Narcs = num.arcsPE1D(Xp,Yp,r,c)
summary(Narcs)
#> Call:
#> num.arcsPE1D(Xp = Xp, Yp = Yp, r = r, c = c)
#>
#> Description of the output:
#> Number of Arcs of the PE-PCD with vertices Xp and Related Quantities for the Induced Subdigraphs for the Points in the Partition Intervals
#>
#> Number of data (Xp) points in the range of Yp (nontarget) points =  6
#> Number of data points in the partition intervals based on Yp points =  3 3 2 0 1 1
#> Number of arcs in the entire digraph =  5
#> Numbers of arcs in the induced subdigraphs in the partition intervals =  4 1 0 0 0 0
#> Lengths of the (middle) partition intervals (used as weights in the arc density of multi-interval case):
#> 2.606255 2.686573 2.477544 2.453178
#>
#> End points of the partition intervals (each column refers to a partition interval):
#>            [,1]       [,2]     [,3]     [,4]      [,5]     [,6]
#> [1,]       -Inf -0.1299548 2.476300 5.162873  7.640417 10.09359
#> [2,] -0.1299548  2.4763001 5.162873 7.640417 10.093595      Inf
#>
#> Indices of the partition intervals data points resides:
#> 2 1 3 1 1 6 2 3 5 2 
#> 
#plot(Narcs)

The incidence matrix of the PE-PCD can be found by inci.matPE1D function by running inci.matPE1D(Xp,Yp,r,c). As in the 2D case, given the incidence matrix, we can find the approximate or the exact domination number of the PE-PCD, using the functions dom.num.greedy and dom.num.exact.

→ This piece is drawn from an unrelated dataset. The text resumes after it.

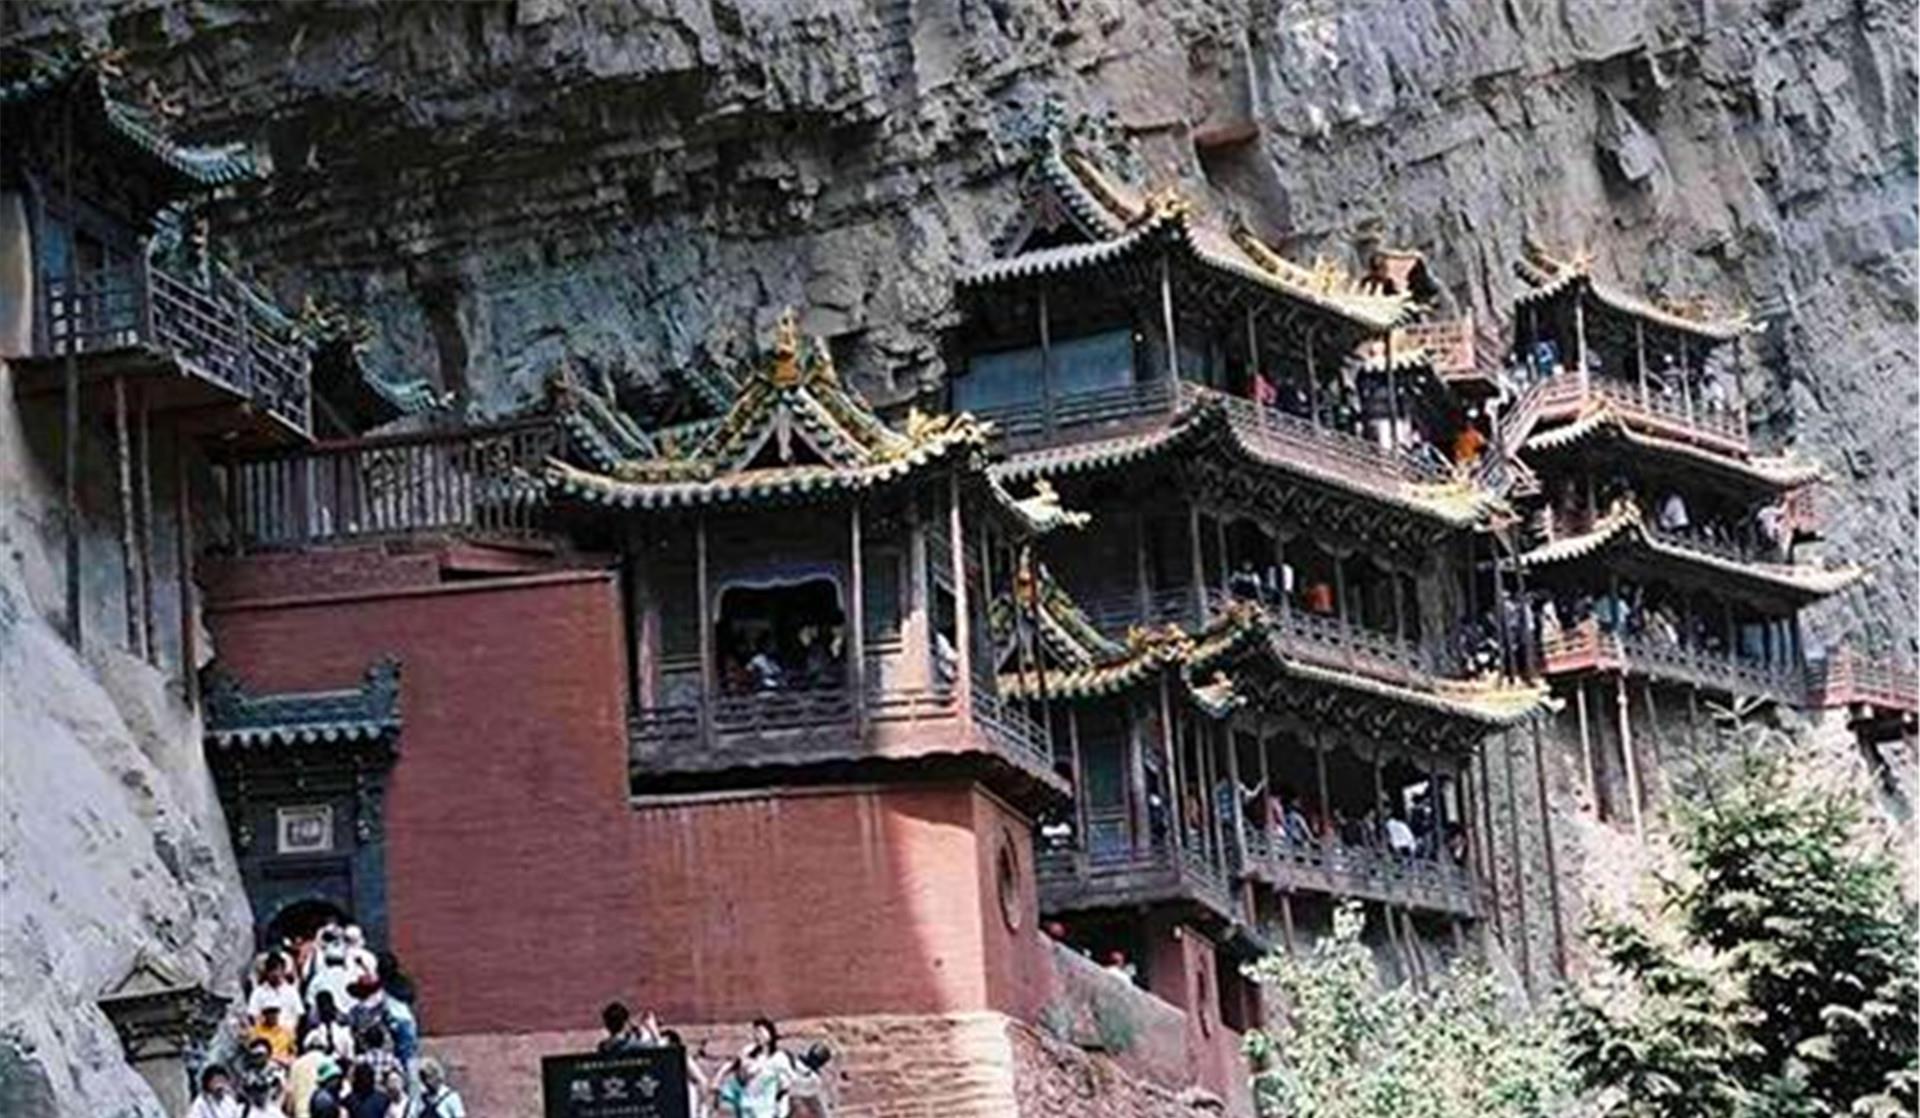 一个比少林寺悠久的寺庙，曾因挖煤遭破坏，后为吸引游客选择降价

Plot of the arcs of the digraph PE-PCD are provided by the function plotPEarcs1D, which take the arguments

Xp,Yp,r,c are same as in the function num.arcsPE1D,
Jit, a positive real number that determines the amount of jitter along the $y$-axis, default=0.1 and Xp points are jittered according to $U(-Jit,Jit)$ distribution along the $y$-axis where Jit equals to the range of the union of Xp and Yp points multiplied by Jit).
main an overall title for the plot (default=NULL),
xlab,ylab titles for the $x$ and $y$ axes, respectively (default=NULL for both),
xlim,ylim, two numeric vectors of length 2, giving the $x$- and $y$-coordinate ranges (default=NULL for both),
centers, a logical argument, if TRUE, the plot includes the centers of the intervals as vertical lines in the plot, else centers of the intervals are not plotted, and
..., additional plot parameters.

We plot the arcs together with the centers, with centers=TRUE option in the plot function. Arcs are jittered along the $y$-axis to avoid clutter on the real line and thus provide better visualization.

jit<-.1
set.seed(1)
plotPEarcs1D(Xp,Yp,r,c,jit,xlab="",ylab="",centers=TRUE)

The arcs of the PE-PCD for the 1D artificial data set with centrality parameter $c=.4$, the end points of the $Y$ intervals (red) and the centers (green) are plotted with vertical dashed lines.

Figure 1.2: The arcs of the PE-PCD for the 1D artificial data set with centrality parameter $c=.4$, the end points of the $Y$ intervals (red) and the centers (green) are plotted with vertical dashed lines.

Plots of the PE proximity regions (i.e. proximity intervals) are provided with the function plotPEregs1D, which has the same arguments as the function plotPEarcs1D. We plot the proximity regions together with the centers with centers=TRUE option:

set.seed(12)
plotPEregs1D(Xp,Yp,r,c,xlab="x",ylab="",centers = TRUE)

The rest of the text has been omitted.